El duque pareció sentir su vacilación, cloqueó y dijo:

—Niña, escucha, me consta que hay alguien nuevo en la isla e incluso creo saber quién es. Sólo necesito una confirmación por parte de un testigo visual. Te propongo un juego: yo te doy a elegir entre dos términos y tú me dices cuál es el que mejor encaja con esa persona, ¿bien?

—Bien —contestó Jara, sonriendo a su pesar. El tipo era un viejo zorro y, a distancia, podía resultar incluso simpático.

—¿Grande o pequeño?

—Grande —dijo sin vacilar.

—¿Ojos muy claros o muy oscuros?

—Muy claros.

—¿Largo cabello plateado o corto y negro?

—Está claro que sabe usted de quién se trata, señor duque. Lo primero, claro.

—¿Ha dado su nombre?

—Ulli.

—¿Ulli? ¡Qué vulgaridad! ¿Estás segura?

Jara se mordió los labios. Quizá en la isla hubiera dado otro nombre y ahora su interlocutor se estuviera preguntando cómo sabía ella que se llamaba Ulli. Se sentía como la protagonista del cuento infantil El enano saltarín, barajando nombres de los que podría depender su vida.

—Dime, Jara, ya conocías de antes a esa persona, ¿verdad?

Hubo una pausa.

—No tiene nada de particular, querida. Es un viejo conocido mío. Se llama Ulrich von Finsternthal, entre otros nombres. ¿Puedo preguntar de qué lo conoces tú?

La conversación estaba empezando a volverse incómoda, aunque Jara no hubiera podido decir exactamente por qué.

—Es un antiguo amigo de mi padre —dijo al fin, con renuencia.

—En ese caso es más que posible que tu padre y yo nos conozcamos también. Dale recuerdos míos cuando hables con él. Dile que el «jefe rojo» le envía saludos y lo felicita por su bella hija.

—Gracias. Lo haré. —Jara estaba aliviadísima de que no le hubiera preguntado nada sobre su padre. La sensación de miedo que siempre había tenido frente a aquel hombre se había intensificado a lo largo de la conversación. Estaba deseando contárselo a su padre y enterarse de qué significaba eso de «jefe rojo».

—¿Vais a acudir esta noche al templo, tú y la hermana princesa?

—Kentra sí, claro; lo está deseando. Incluso ha conseguido convencer a su marido de que le permita quedarse, a pesar de que tenía un acto importante en su país. Yo… no creo que a mí me dejen.

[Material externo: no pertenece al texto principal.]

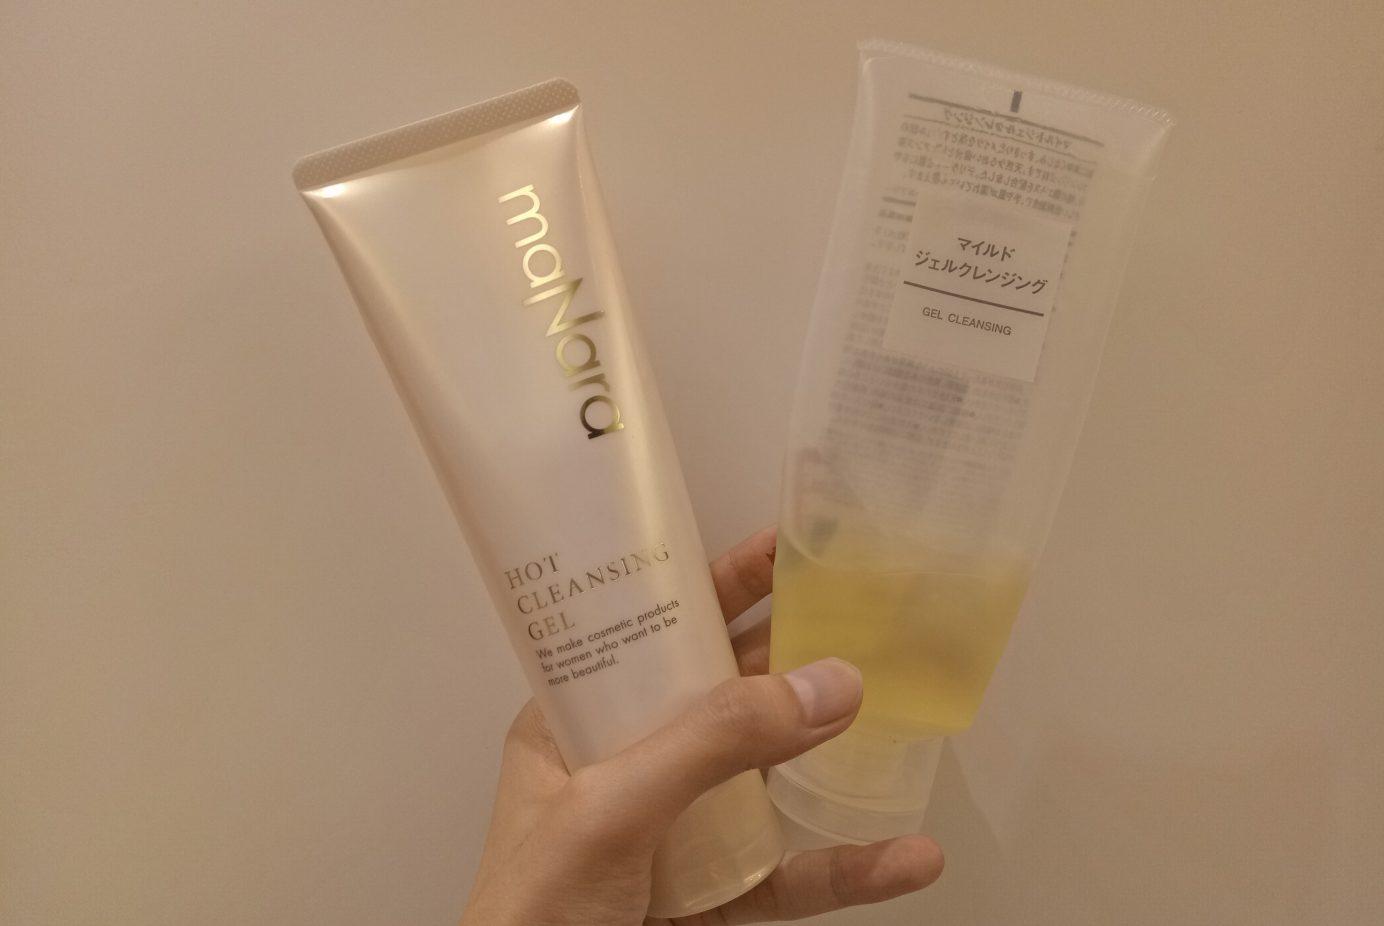 【實證+打臉全紀錄】網紅卸妝品maNara與美保版無印良品卸妝露卸妝力測給你看!
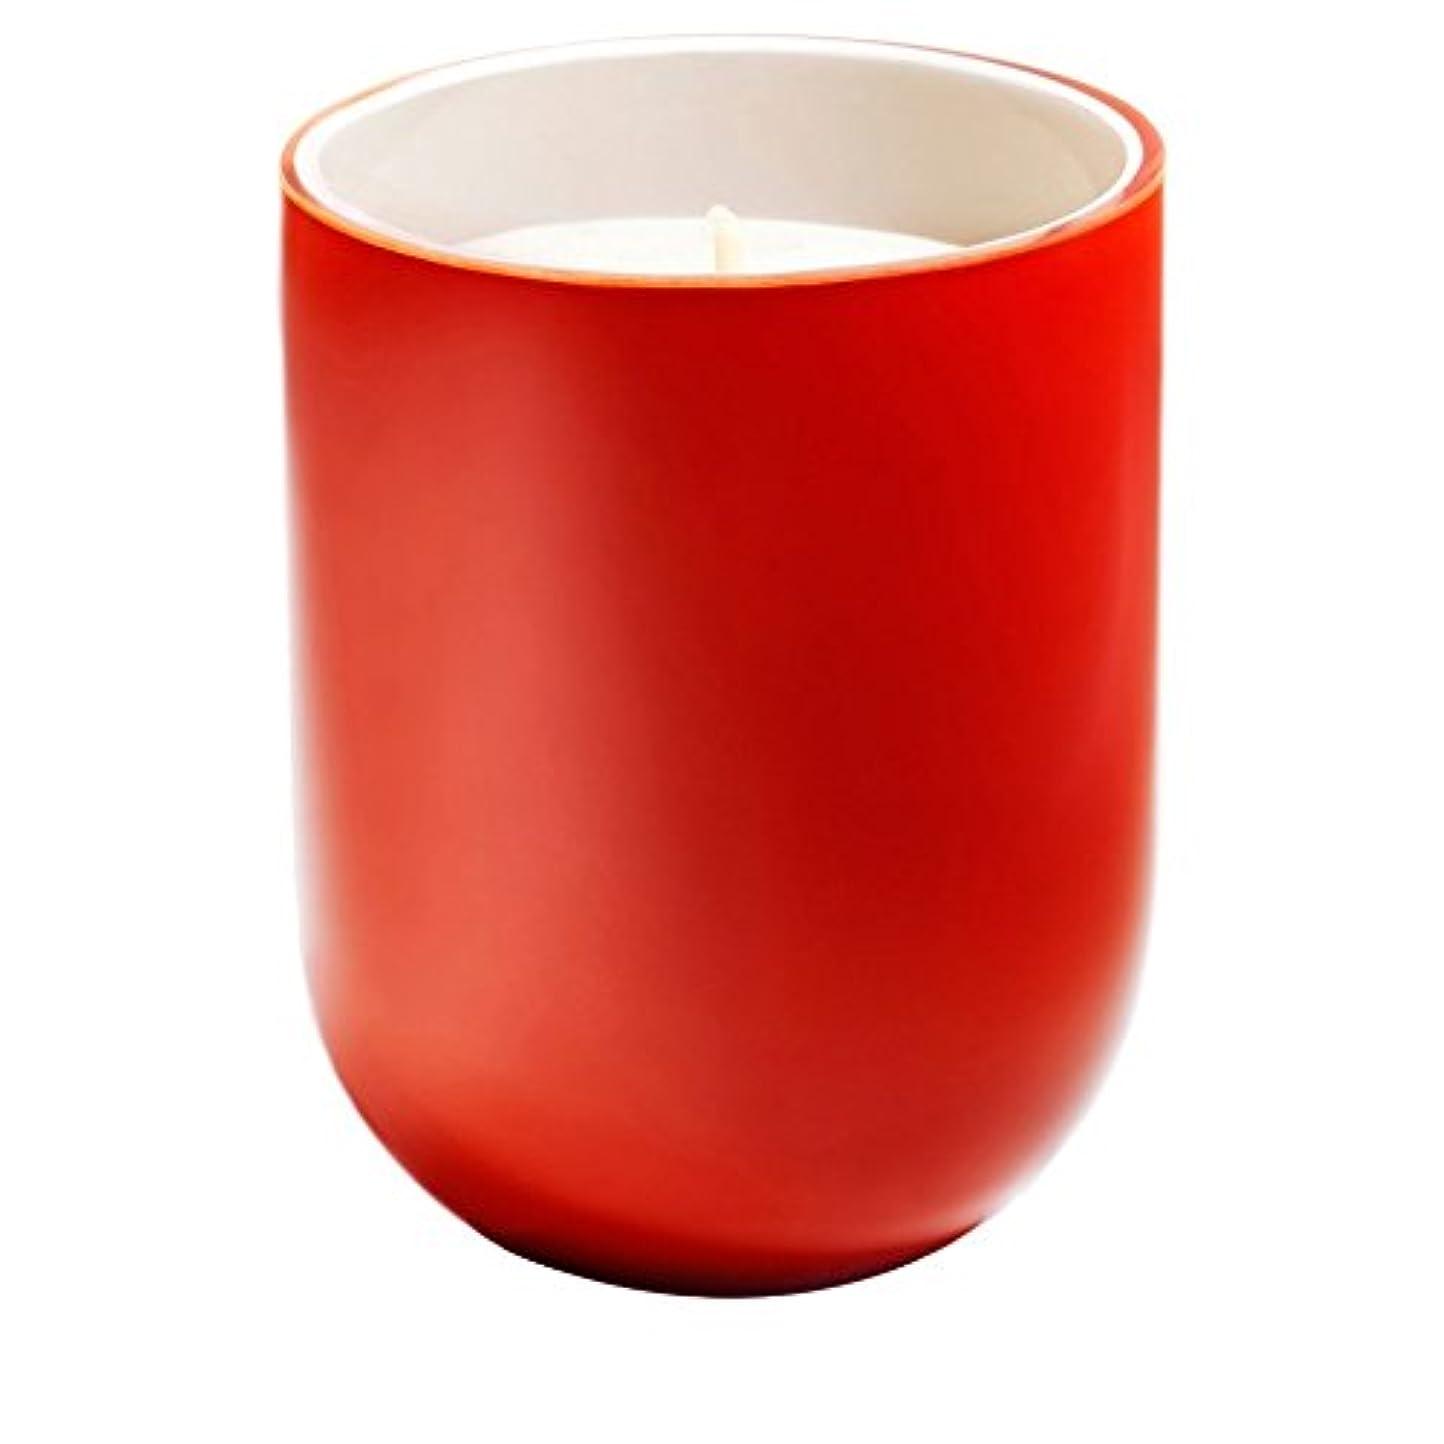 令状ライブお香フレデリック?マルロシアの夜香りのキャンドル x6 - Frederic Malle Russian Night Scented Candle (Pack of 6) [並行輸入品]

Aún no he sido iniciada y, aunque quisiera, que no quiero, no daría tiempo. Me temo que tendré que perderme la aparición del ángel.

—Si aparece. —Durante unos segundos Jara no oyó más que una risa suave, como para sí mismo—. No me hagas caso, jovencita, soy hombre de poca fe. Pero en agradecimiento por la amabilidad que has tenido conmigo contestando a mis preguntas, te daré un pequeño consejo que prefiero que no compartas con nadie. No te pierdas la puesta del sol desde el templete que hay en el promontorio oeste de la isla.

—¿La puesta de sol de hoy? ¿En lo que llaman el Pabellón de la Perfecta Calma?

—Puedo asegurarte que será particularmente gloriosa. ¡Adiós, Jara Mendívil!

Antes de que ella pudiera contestar, la línea quedó vacía.

Mirando por encima del hombro para asegurarse de que nadie la veía, Jara buscó dentro del sujetador, sacó el móvil que estaba totalmente prohibido en la isla, y mandó un mensaje rápido a su padre:

«¿Quién es el jefe rojo? ¿Dónde estás? ¿Por qué está Ulli aquí en la isla? Llámame, por favor. Besos».

Luego salió al sol de mediodía dándole vueltas al consejo de aquel extraño ser. ¿Por qué tenía que estar al atardecer en el promontorio? ¿Debía decírselo a Kentra? Ella no se perdería por nada la aparición del ángel, pero le había dado muy mala espina aquel consejo. Le había dicho que se lo daba «en agradecimiento por su amabilidad», o sea, que era algo bueno para ella; pero también podía estar mintiendo.

Tendría que pensarlo con mucho cuidado.